The book hinges on “lagniappe,” the concept of something extra popularized by New Orleans retailers for generations. In Phelps’, Carroll’s and my own view, that something extra should be unexpected and genuinely wonderful—and of course, it’s best if it costs little or nothing to implement. Think about the first time you heard one of those now-famous Southwest Airlines goofy flight announcements. Weren’t you thrilled and amazed? Didn’t it make you want to fly with them again? And if you heard a second one, then you realized it was acceptable in the corporate culture. Only 1.5 percent of Southwest flights have a humorous announcement, yet that tiny fraction triggers $138 million per year in additional revenue from happy returning customers (p. 38).
The authors see two broad categories of purple goldfish: increasing value and reducing friction—which you find out by identifying 1) opportunities to create wow experiences, and 2) fixable gaps or errors in the customer experience (p. 196).
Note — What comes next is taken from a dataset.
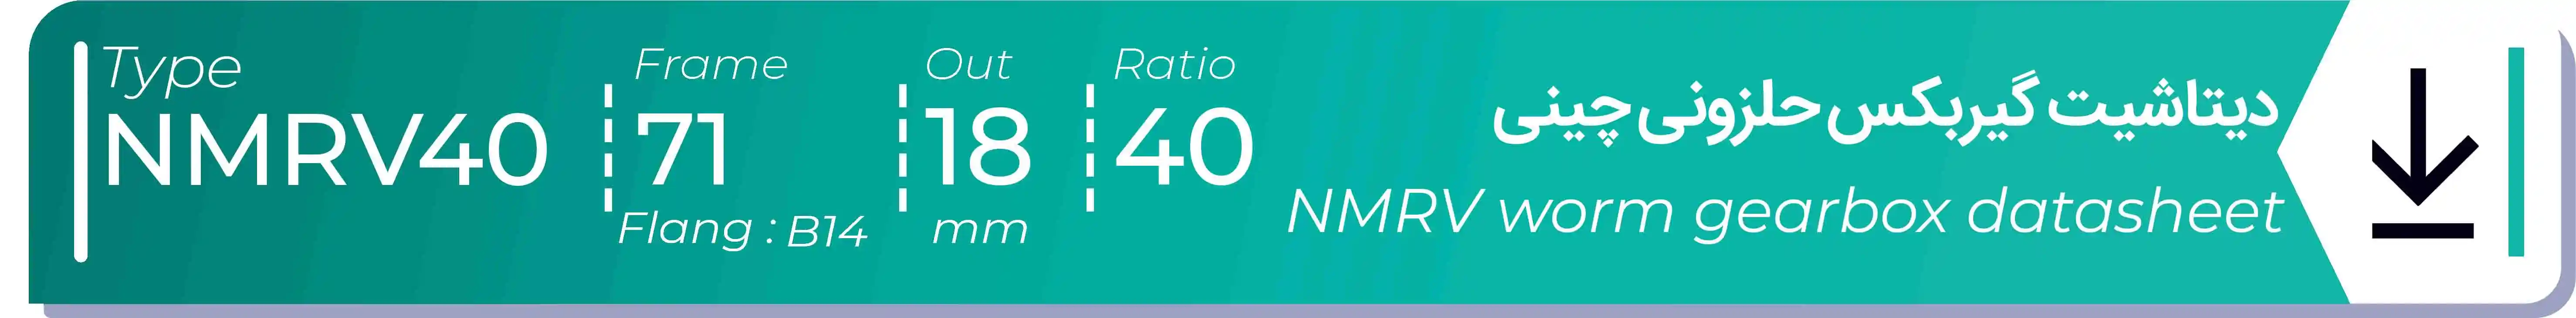  دیتاشیت و مشخصات فنی گیربکس حلزونی چینی   NMRV40  -  با خروجی 18- میلی متر و نسبت40 و فریم 71

Within those two big tents, at least 10 subsidiary categories fill the fish tank: adding gifts, personalizing the service, reducing wait times or making them a lot more fun, etc. Sometimes, one purple goldfish crosses many categories: Disney uses RFID wrist bands to greet restaurant customers by name and have their orders ready when they walk in, dispense with line-waiting for tickets and photo IDs, and eliminate several other customer annoyances (pp. 123-124). This sets a pretty high bar for the theme park industry.
Once your purple goldfish becomes the norm and everyone else grabs your idea, you need to do something else to keep the appeal fresh.
My favorite section is toward the end, with detailed lists of questions and implementation steps to:
* Help you choose the right purple goldfish for your business using first divergent (out-of-the-box) and then convergent (analytical, narrowing down) thinking, win over internal stakeholders (pp. 204-215);
* Market your innovation internally, seeking buy-in from all stakeholders (pp. 222-224);
* Run a pilot, measure the results, implement fully if it’s working (pp. 218-219, 226).
* Final and very wise advice: NEVER take away an existing purple goldfish (p. 237)!
* And my very favorite insight: a purple goldfish doesn’t have to be for the direct benefit of a customer or prospect. Helping a cause is also a purple goldfish (p. 92).
Two quibbles: First, I have to question why authors as concerned about customer delight would let this book go to print without an index. I went looking for a specific fact I wanted to retrieve in this review, couldn’t find it in my notes, and had to get myself over to Amazon to search inside the book. NOT a purple goldfish moment, and one that an index would have eliminated. And second, what “genius” came up with this awful subtitle? I’m sure they were pulling from Ken Blanchard’s Raving Fans, but this is a really unfortunate word choice. When I see “raving customers,” I think “angry.” We don’t want furious customers raving at us! We want delighted customers raving about us! -
I thoroughly enjoyed the authors' engaging and entertaining style of writing from start to finish. They proved to me that even a dry topic like marketing doesn't have to boring.
I loved and immediately connected with fascinating stories+anecdotes ranging from a zealous handyman to how the great Walt Disney exceed customer expectations.
The authors spend the bulk of the book on the "what" and the "how" of exceeding customer expectations and as a result attract raving customers. The 10 types of purple goldfish (the "what) are simple, yet profoundly practical. The powerful stories from TD Bank, Trader Joe's, Nordstrom etc. in the removing friction section of the book are spot-on for the topic. As I read many of these familiar and legendary brand stories, my mind was racing towards ideas that I can experiment in my own little world of marketing.
Thanks to Stan Phelps and Evan Carroll for another gem in the _________ Goldfish series!